**Instructions for the task**
I'd ask you to write out the lines below exactly, with no images.

**Provided records**
====

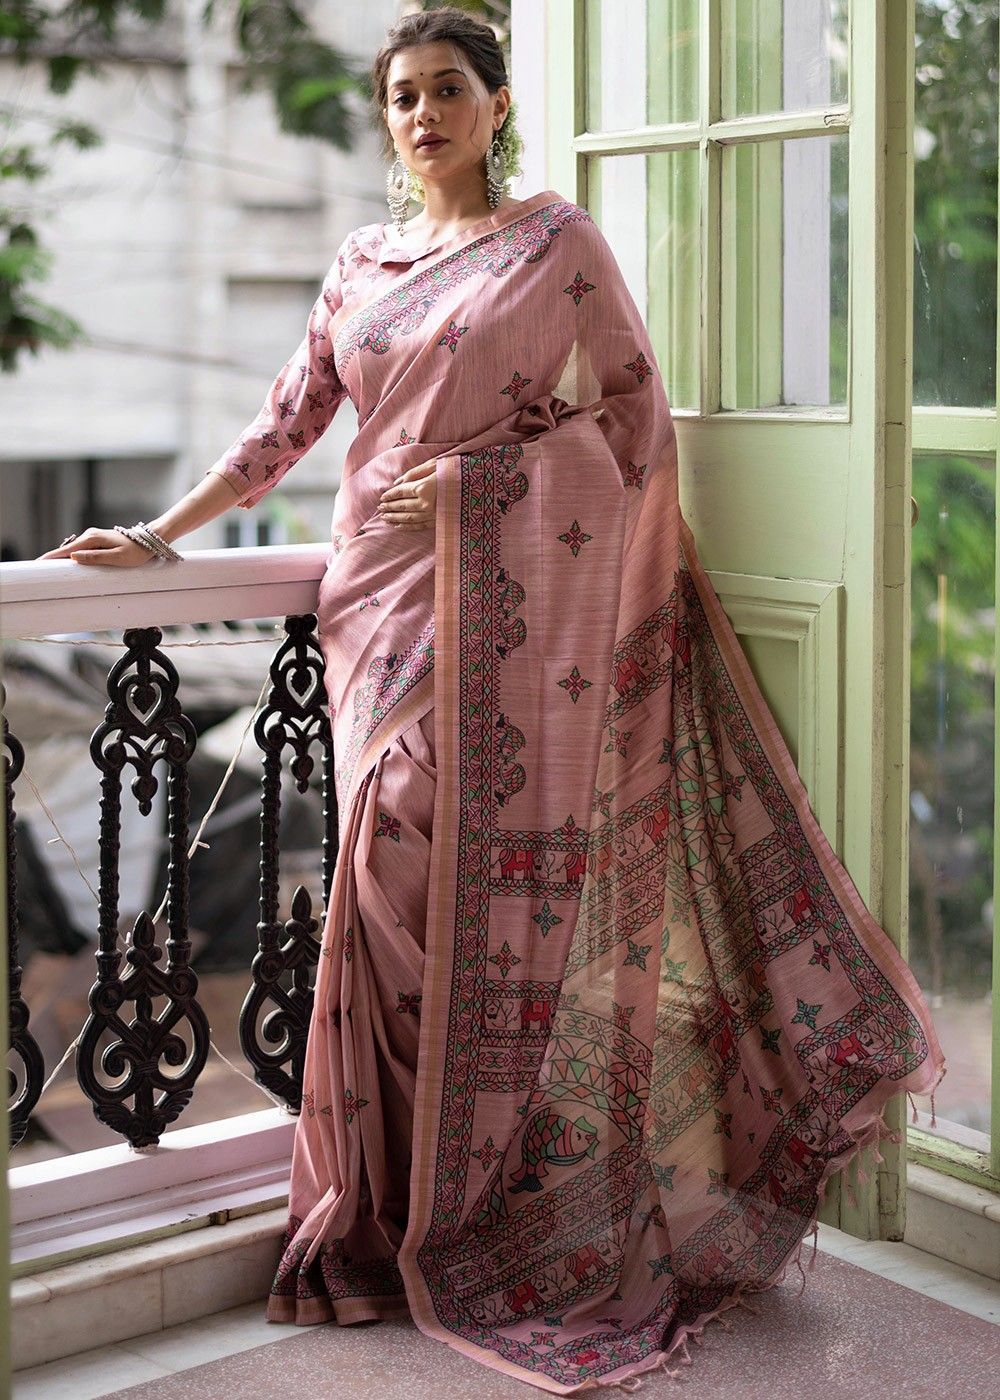 Explore 141+ tussar silk sarees
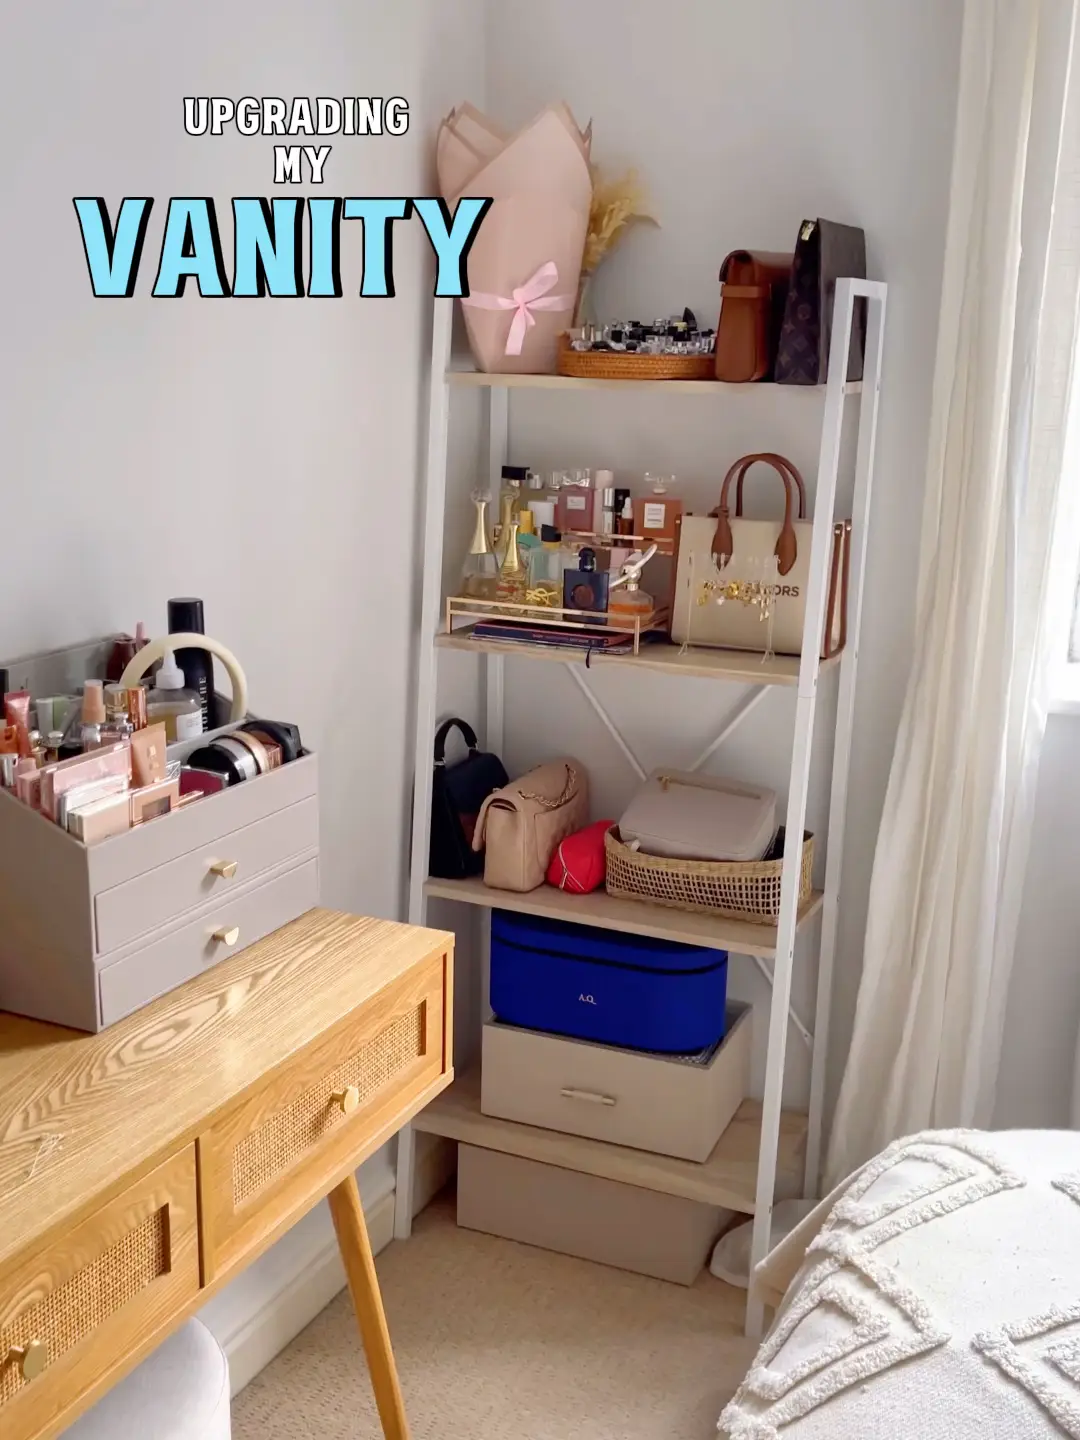 My Vanity Area, LuxMommy
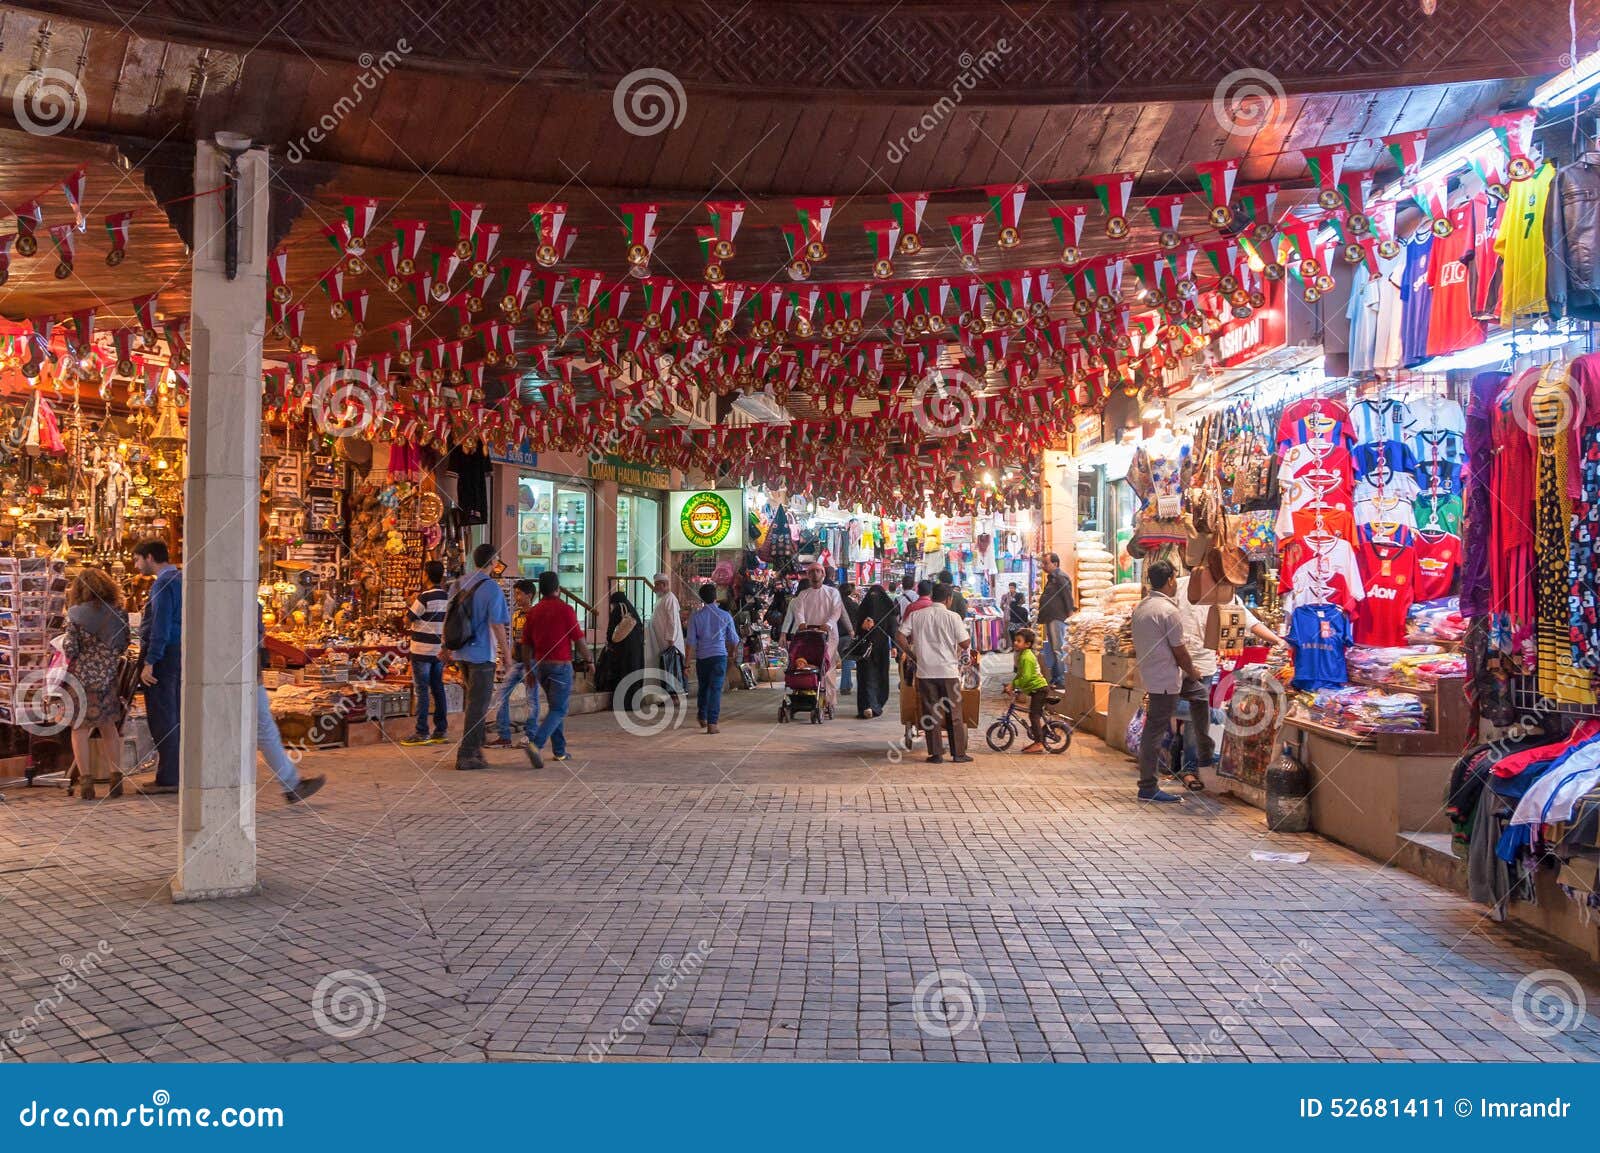 卖纪念品的商店，在Mutrah，马斯喀特，阿曼，中东. 卖纪念品的Mutrah Souk狭窄的街道，在Mutrah，马斯喀特，阿曼，中东
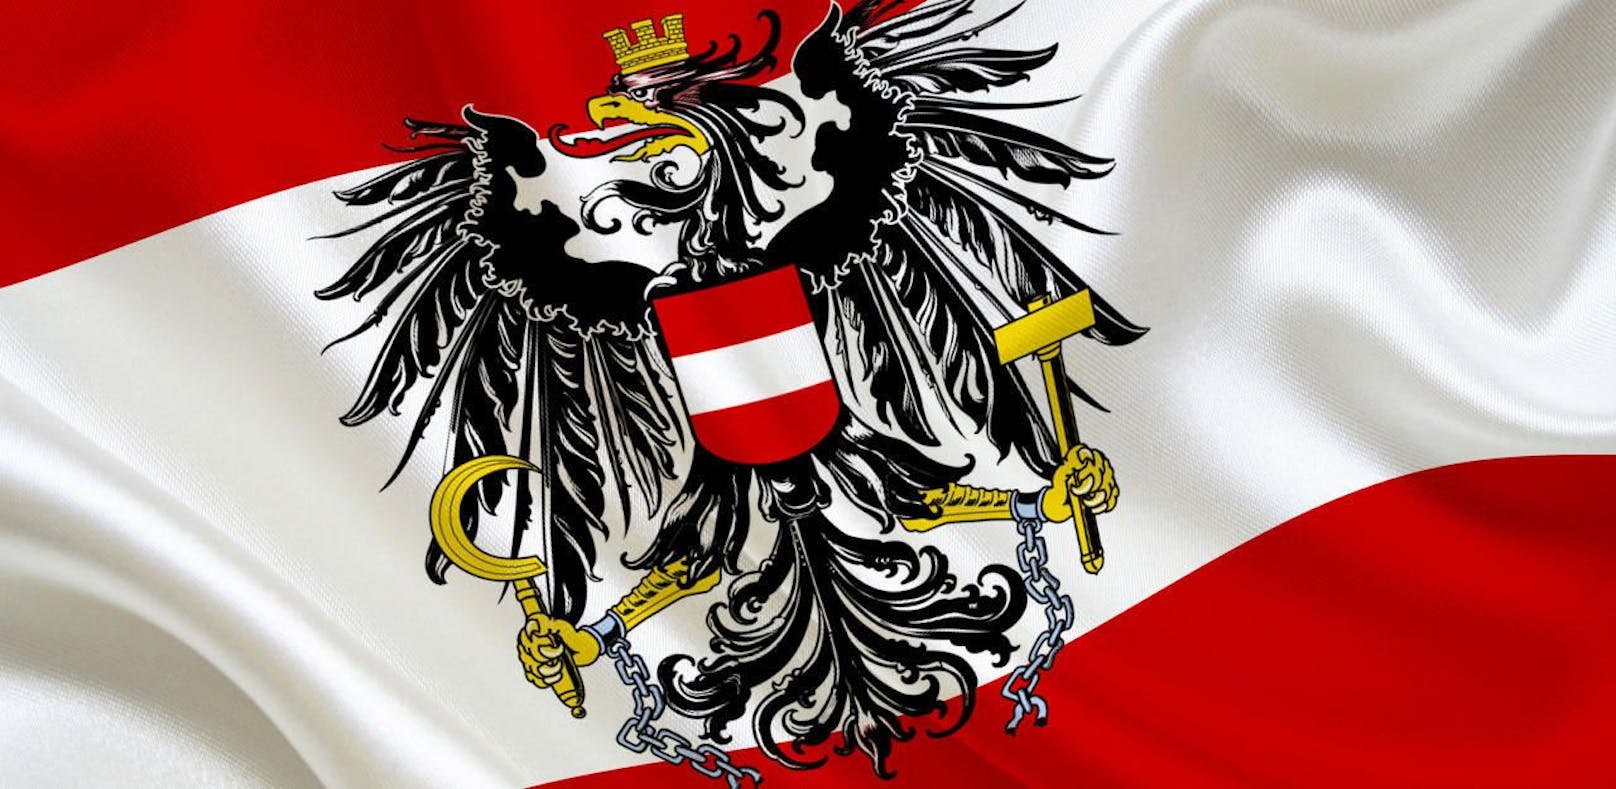 Welcher Österreicher hat für Sie in diesem Jahr am meisten bewegt?
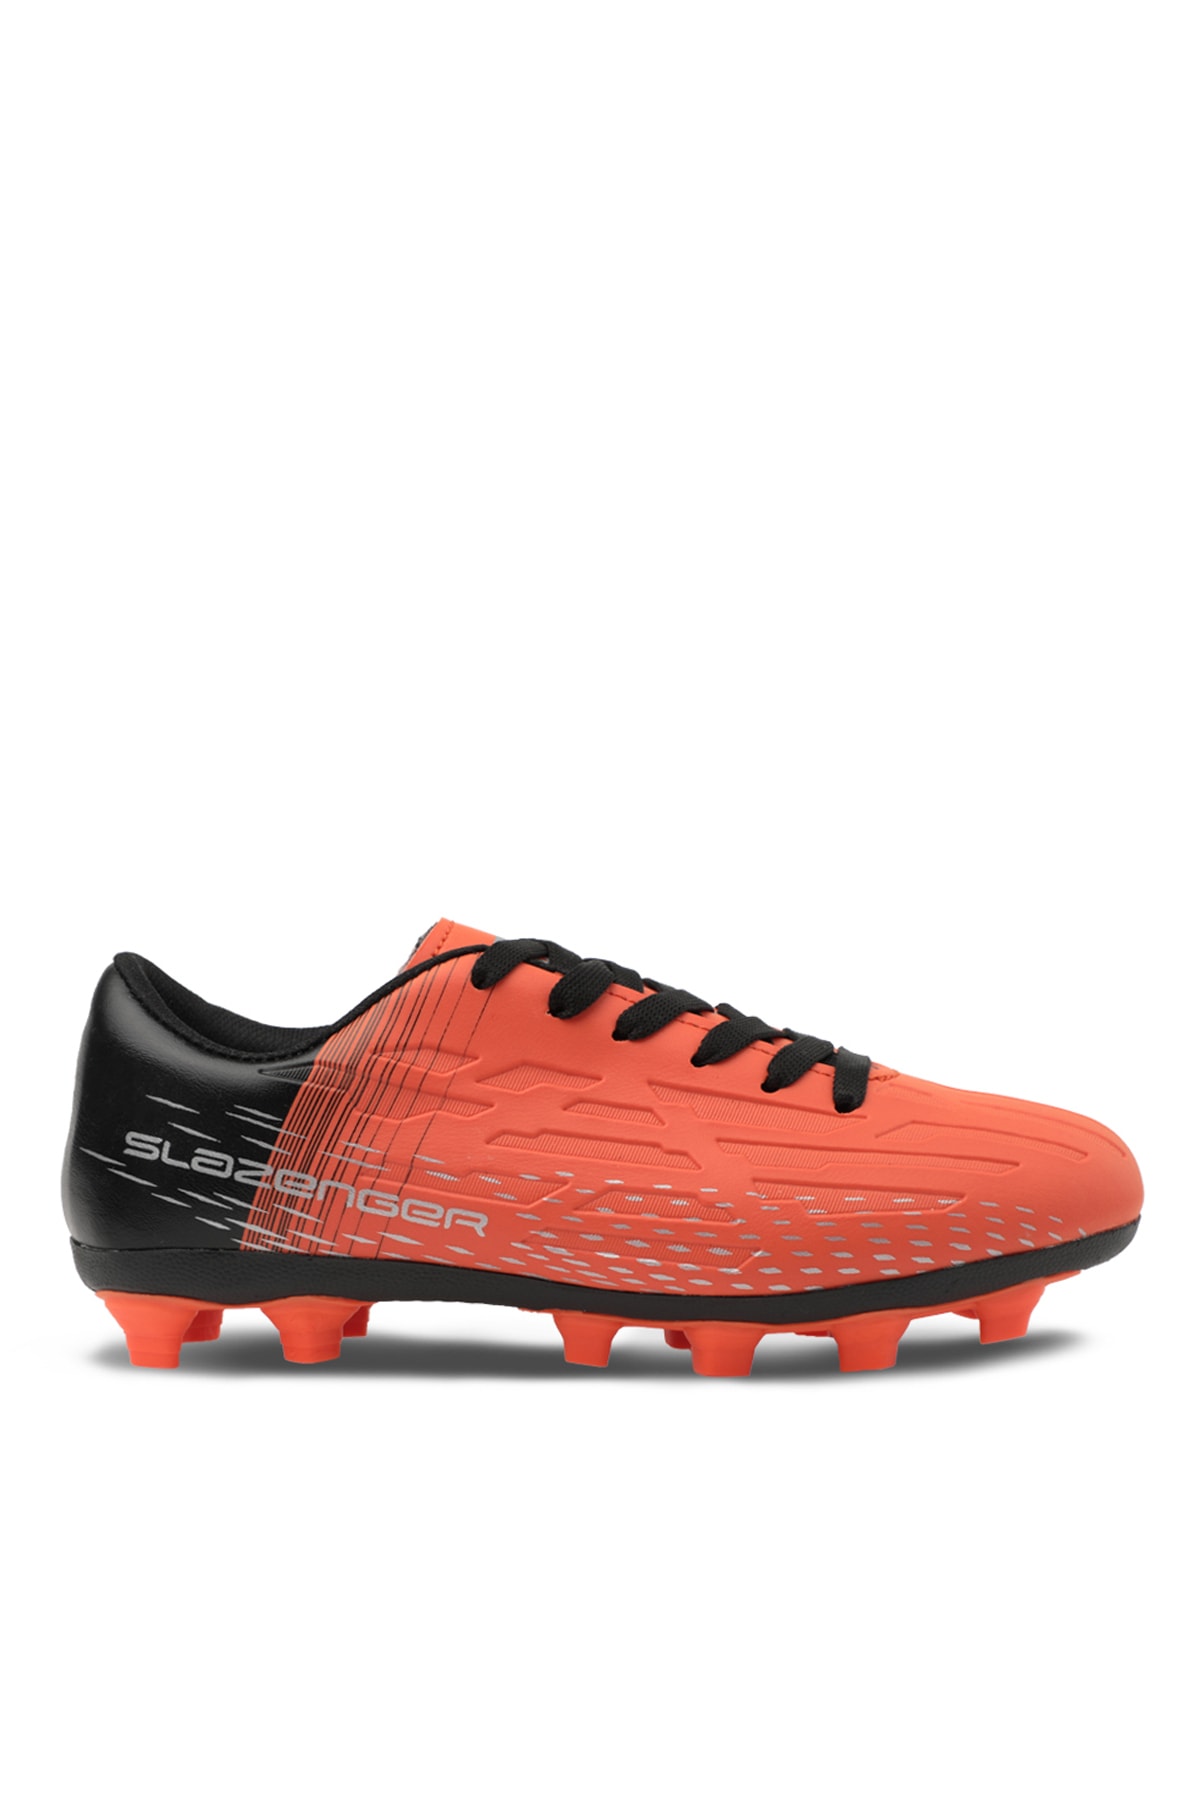 Slazenger Score I Kr Football Mens Turf Shoes Neon Orange / Black.

====

**Solved problem**
 Explore 141+ tussar silk sarees
 My Vanity Area, LuxMommy
 卖纪念品的商店，在Mutrah，马斯喀特，阿曼，中东. 卖纪念品的Mutrah Souk狭窄的街道，在Mutrah，马斯喀特，阿曼，中东
 Welcher Österreicher hat für Sie in diesem Jahr am meisten bewegt?
 Slazenger Score I Kr Football Mens Turf Shoes Neon Orange / Black.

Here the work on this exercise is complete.